» Work to complete
Print exactly what appears from the line containing "Zierschälchen 'Reicher Drache'" through the final line of the data below, pictures excluded.

» Input data
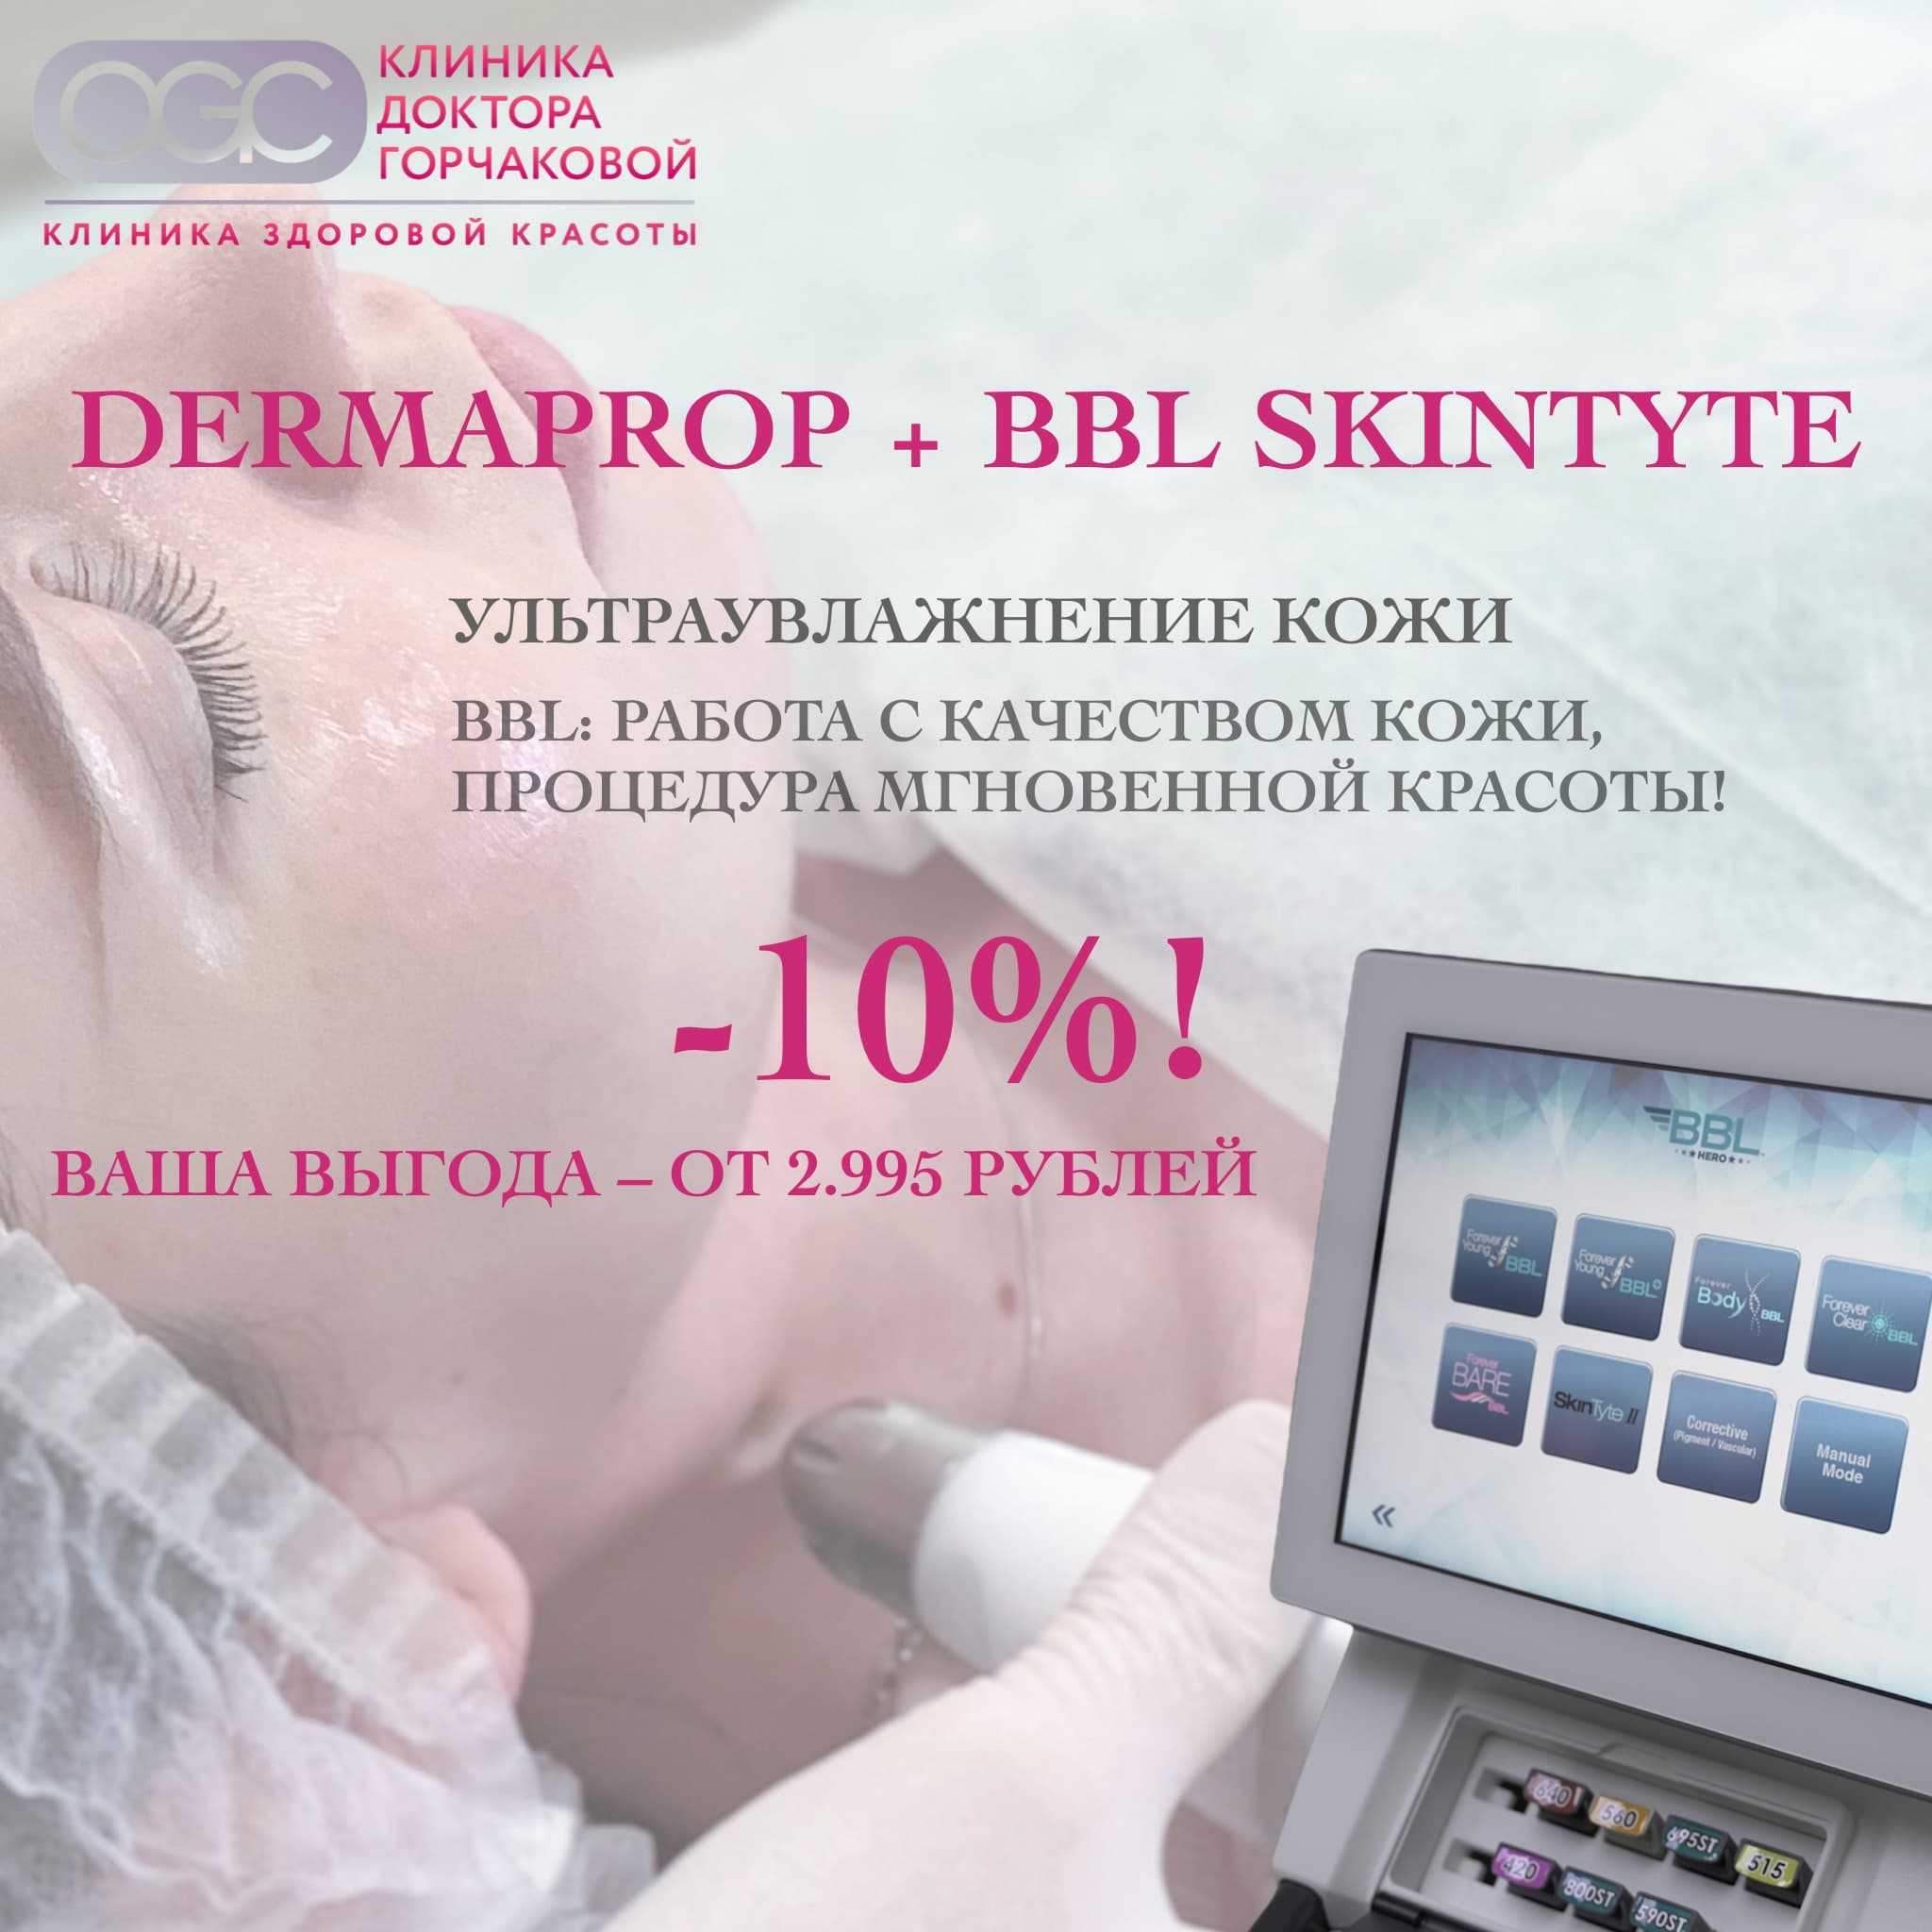 Дермапроп + BBL SkinTyte: Ограниченное предложение со скидкой 10%!
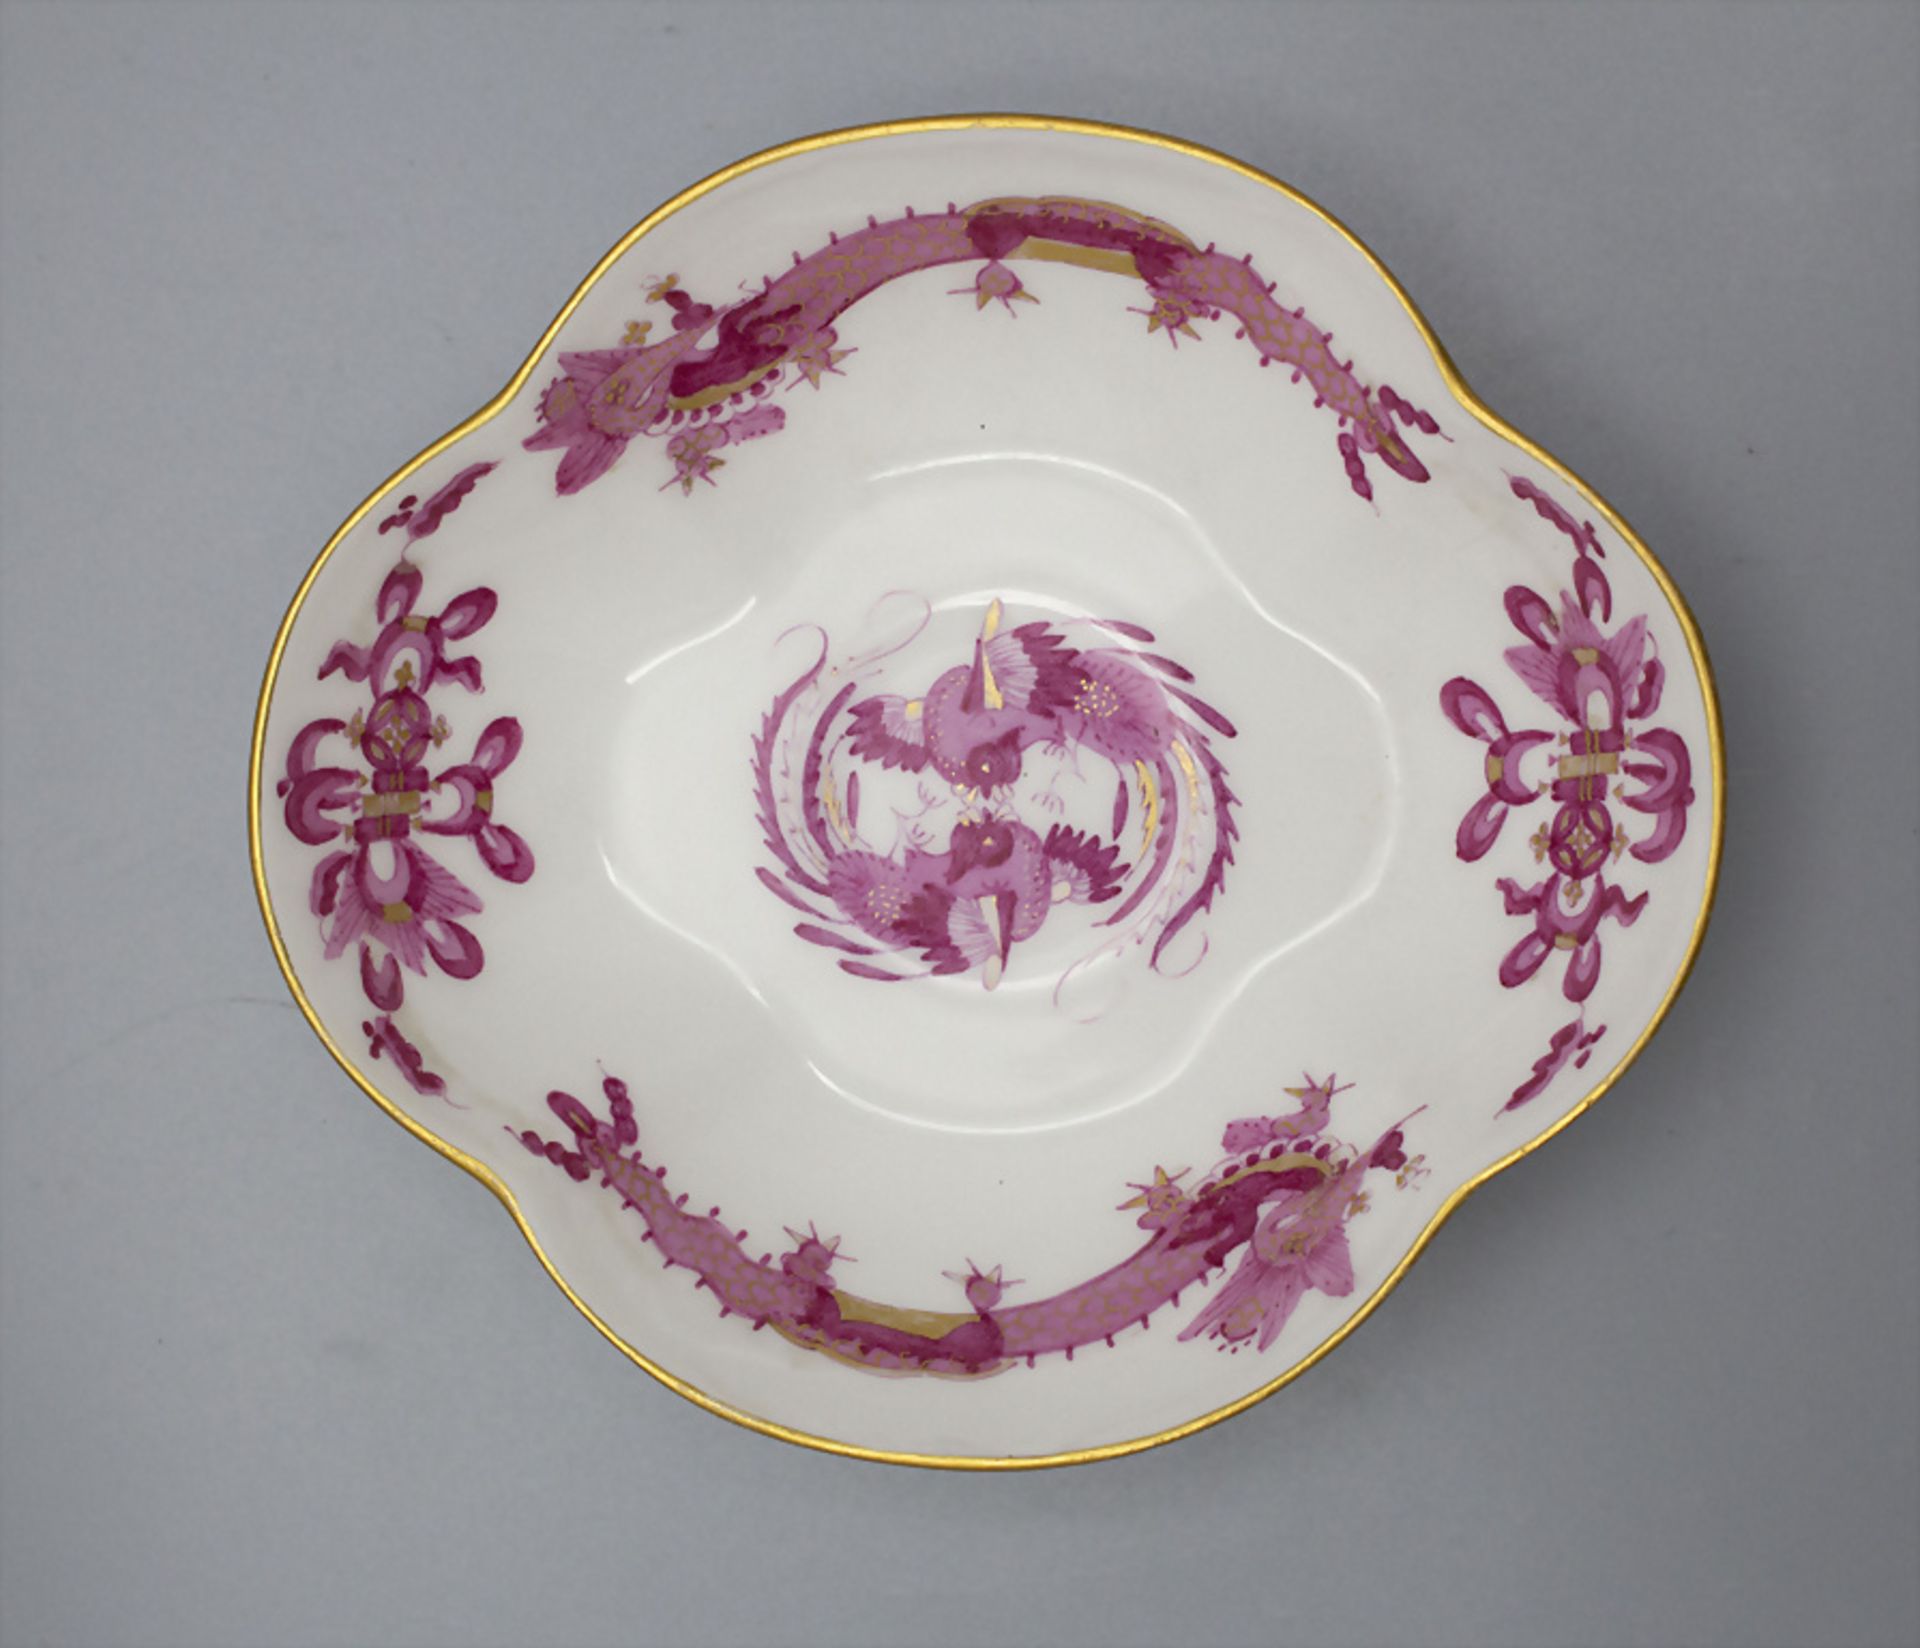 Zierschälchen 'Reicher Drache' / Unterschale / A decorative dish with 'Rich Dragon', Meissen, ... - Bild 2 aus 3
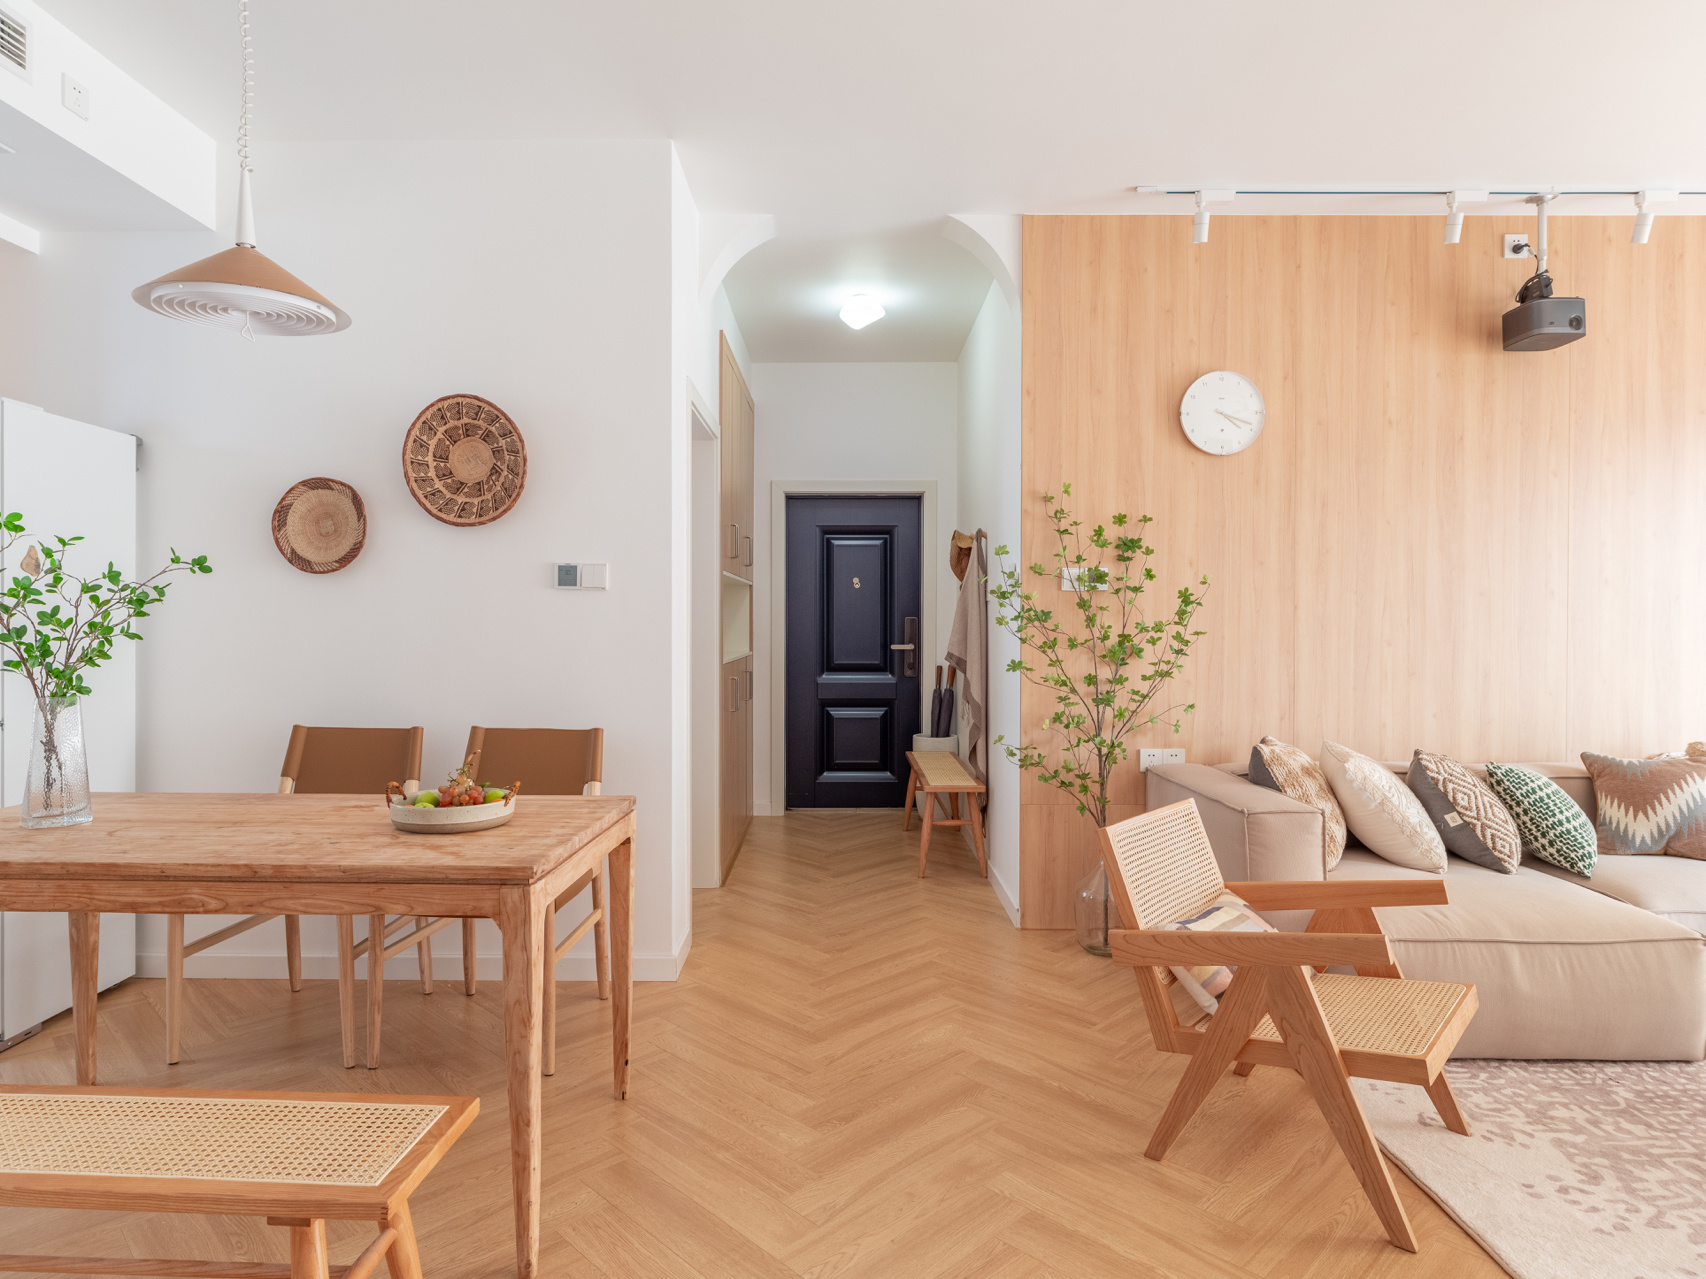 Thích mê căn hộ nhỏ phong cách nội thất Nhật Bản, tuy đơn giản nhưng lại ấm áp vô cùng - Ảnh 6.

» Written solution
 Zierschälchen 'Reicher Drache' / Unterschale / A decorative dish with 'Rich Dragon', Meissen, ... - Bild 2 aus 3
 Thích mê căn hộ nhỏ phong cách nội thất Nhật Bản, tuy đơn giản nhưng lại ấm áp vô cùng - Ảnh 6.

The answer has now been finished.